_Collected data_:
______

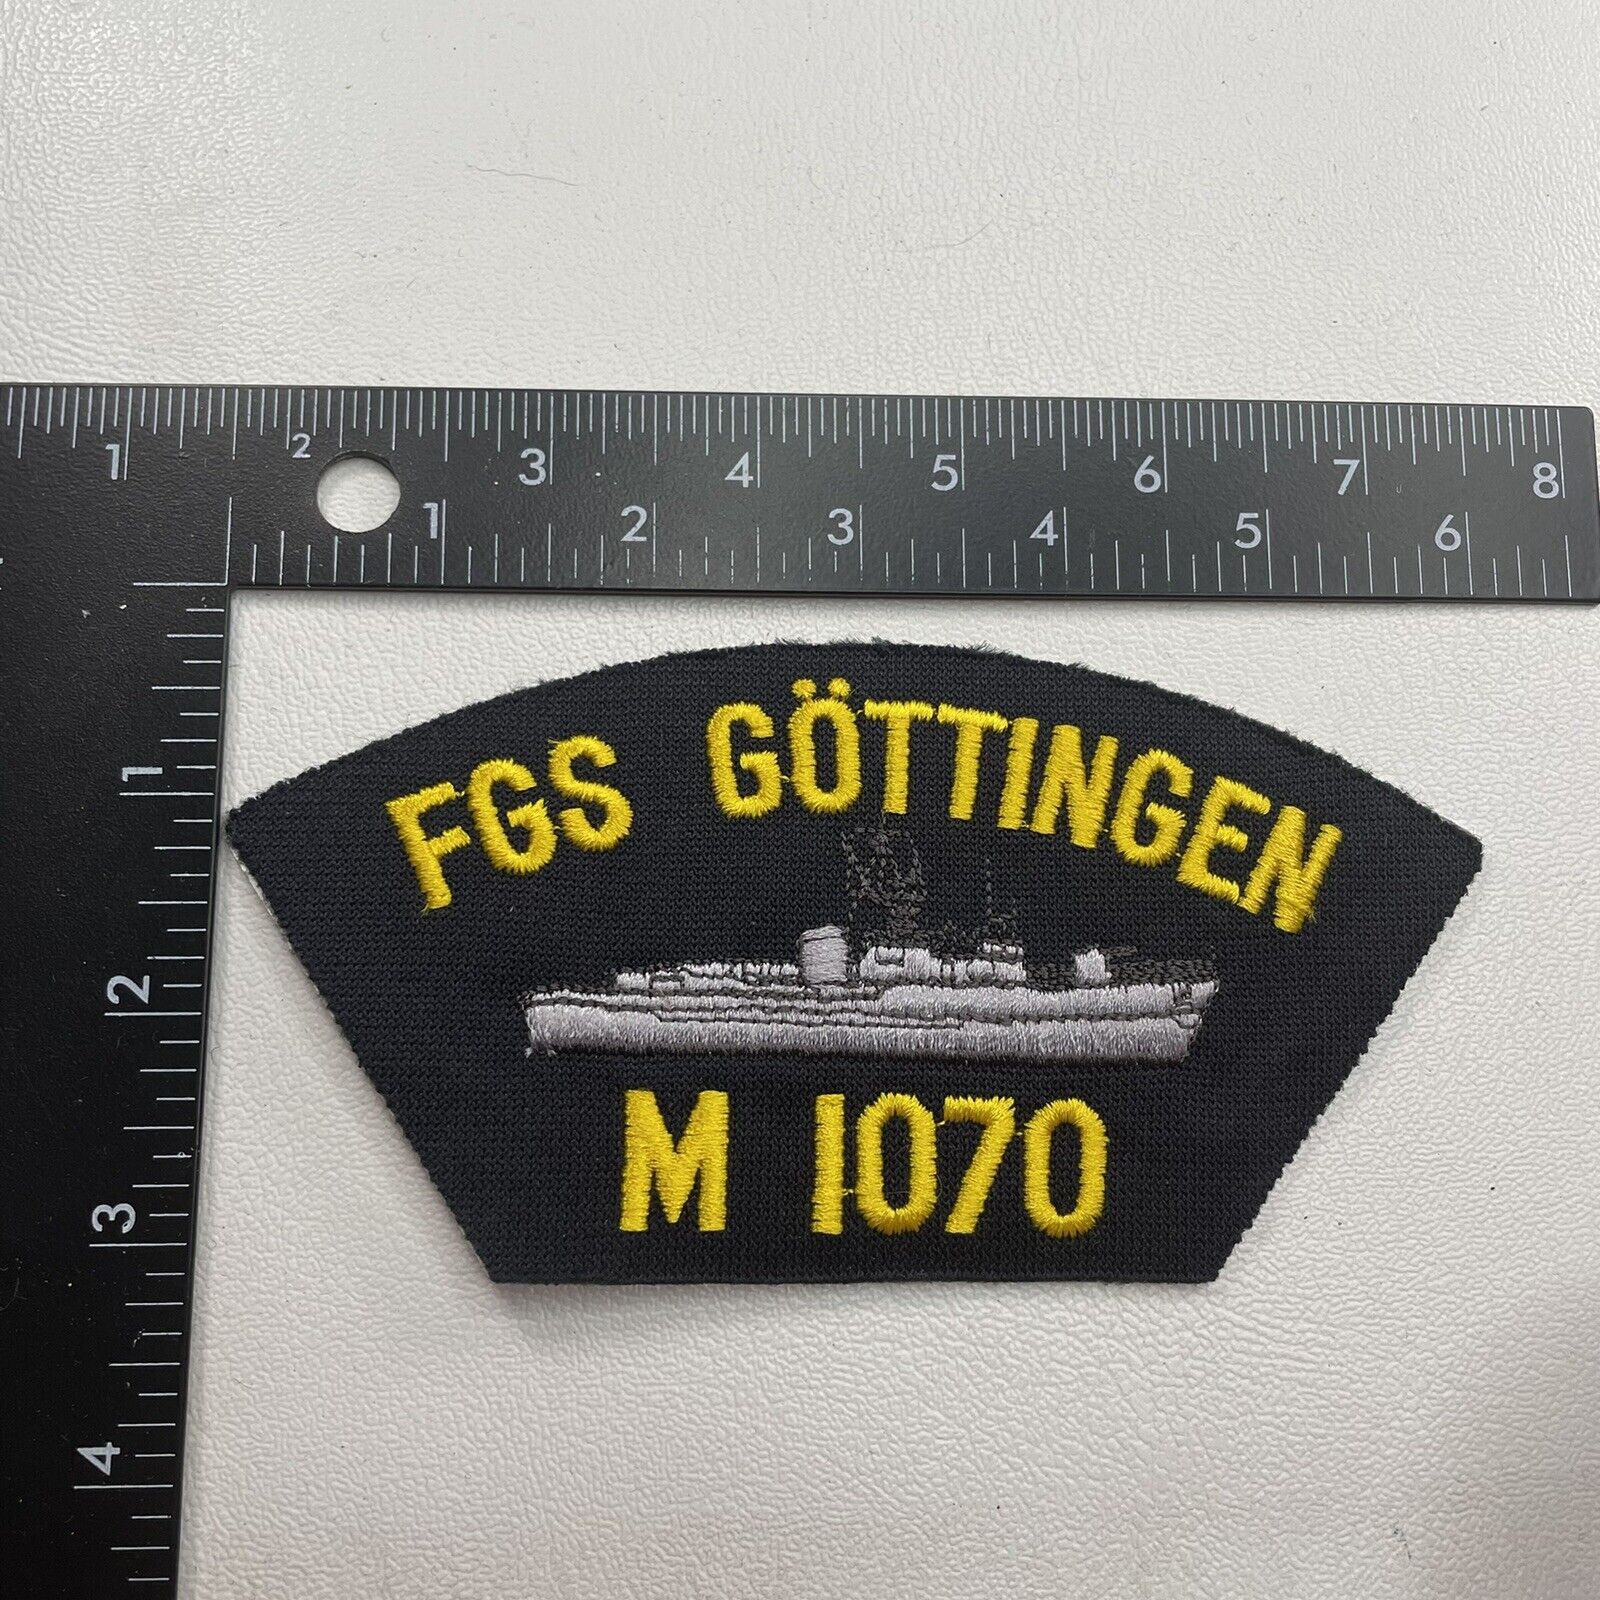 Navy Borderless Hat Patch FGS GÖTTINGEN M 1070 (Germany Maybe ?) 26TU
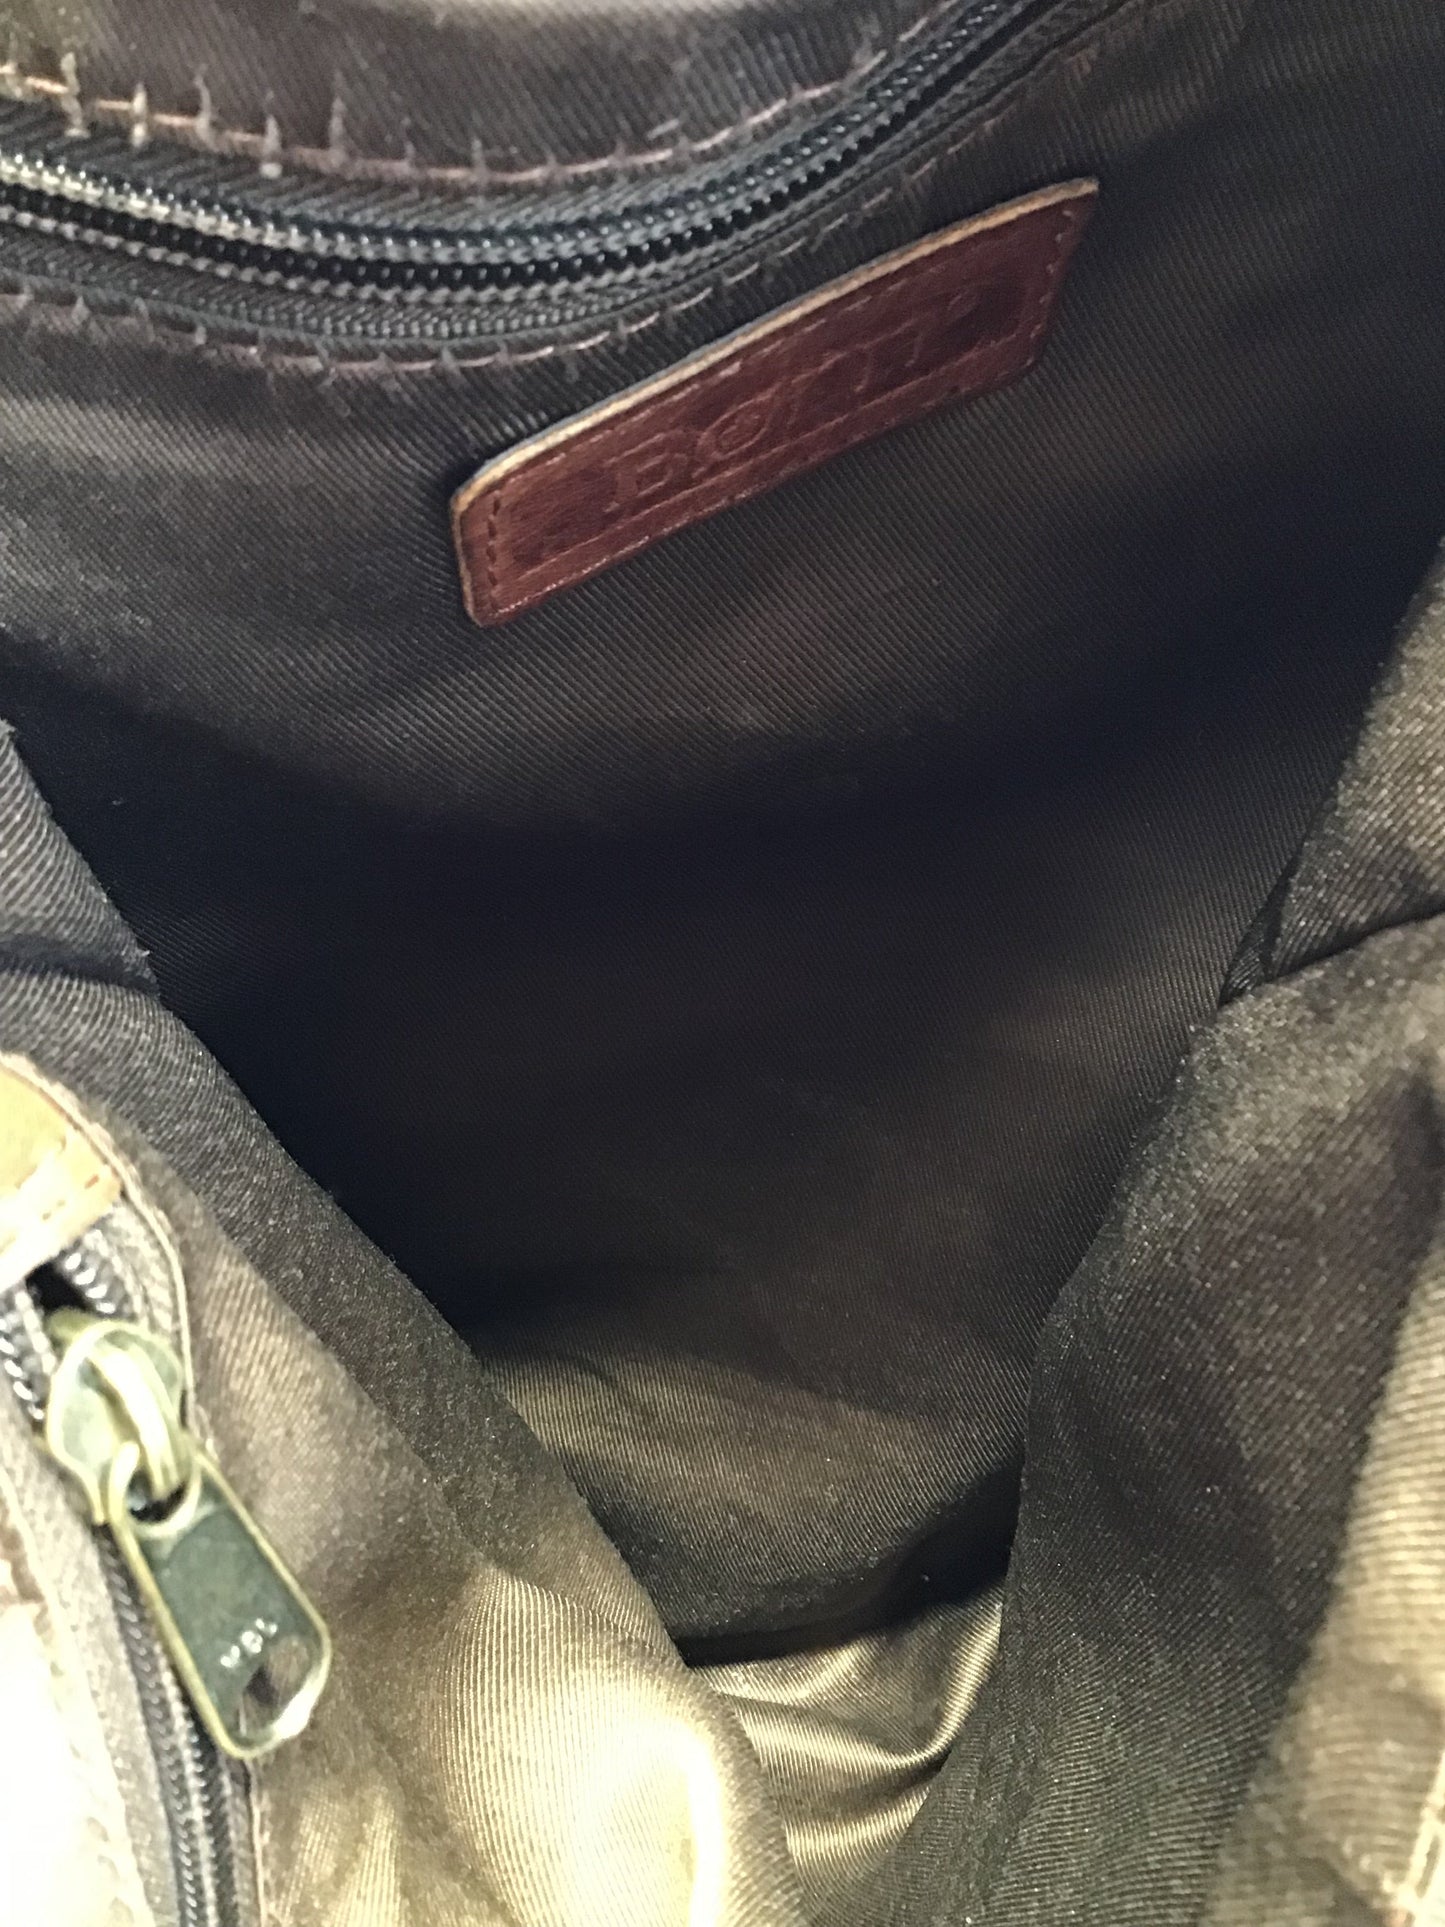 Handbag By Born  Size: Medium
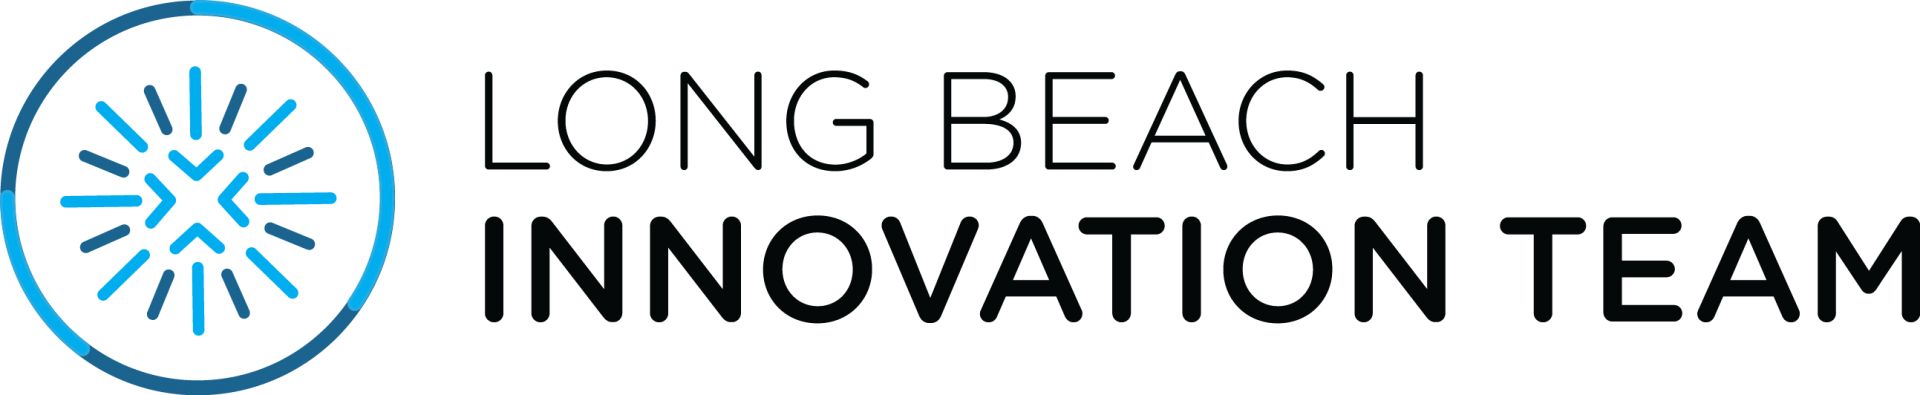 Long Beach Innovation Team logo

______

The answer is the full listing above, reproduced character for character, minus its images.

 Navy Borderless Hat Patch FGS GÖTTINGEN M 1070 (Germany Maybe ?) 26TU
 Handbag By Born  Size: Medium
 Long Beach Innovation Team logo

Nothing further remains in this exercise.